Problem 5 on the Project Euler list is the following:
2520 is the smallest number that can be divided by each of the numbers from 1 to 10 without any remainder.
What is the smallest number that is evenly divisible by all of the numbers from 1 to 20?

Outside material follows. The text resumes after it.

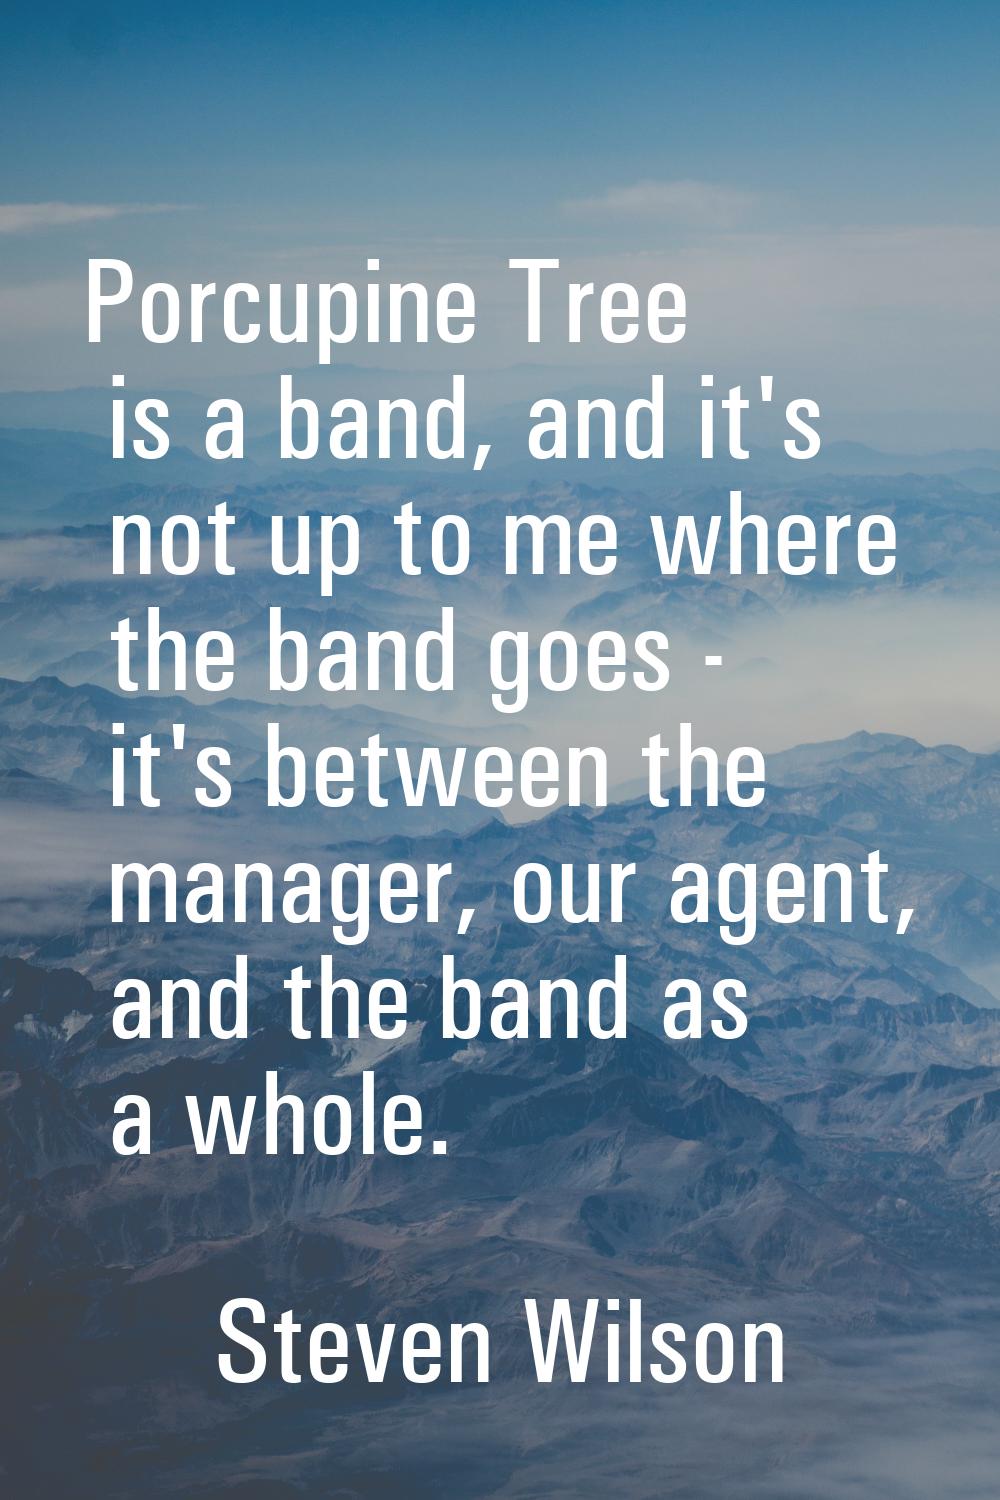 Porcupine Tree is a band, and it's not up to me where the band goes - it's between the manager, our

This is asking us to compute the lowest common multiple (lcm) from 1 to 20. The lcm of two integers a and b is defined as
\[ \frac{ab}{\mbox{gcd}(a,b)} \]
In order to compute the gcd, we can use a simple algorithm, like a Euclidian reduction:
# Iterative Euclidean algorithm
gcd <- function(a,b) {
t <- 0
while (b != 0) {
t <- b
b <- a %% b
a <- t
}
a
}
Defining the lcm then becomes:
lcm <- function(a,b) {
abs(a * (b/(gcd(a,b))))
}
Now we have defined pretty much everything we need to solve the problem. We can write an iterative lcm routine that calculates the least common denominator from 1 to x:
lcm_ <- function(xs) {
l <- 1
for (i in 1:(length(xs))) {
l <- lcm(l,xs[i])
}
l
}
And we can calculate the answer:
> lcm_(c(1:20))
[1] 232792560
However, I also experimented with writing a reduce() function (similar to Haskell’s foldr operation). We can write reduce() as follows:
reduce <- function(op,x,xs) {
y <- x
for (i in 1:(length(xs)-1)) {
y <- do.call(op, list(y, xs[i]))
}
y
}
And then invoke:
>reduce(lcm, 1, c(1:20))
[1] 232792560
Note that R actually has inbuilt Map/Reduce operations. Using the native Reduce, this is:
> Reduce(f=lcm, x=c(1:20), right=1)
[1] 232792560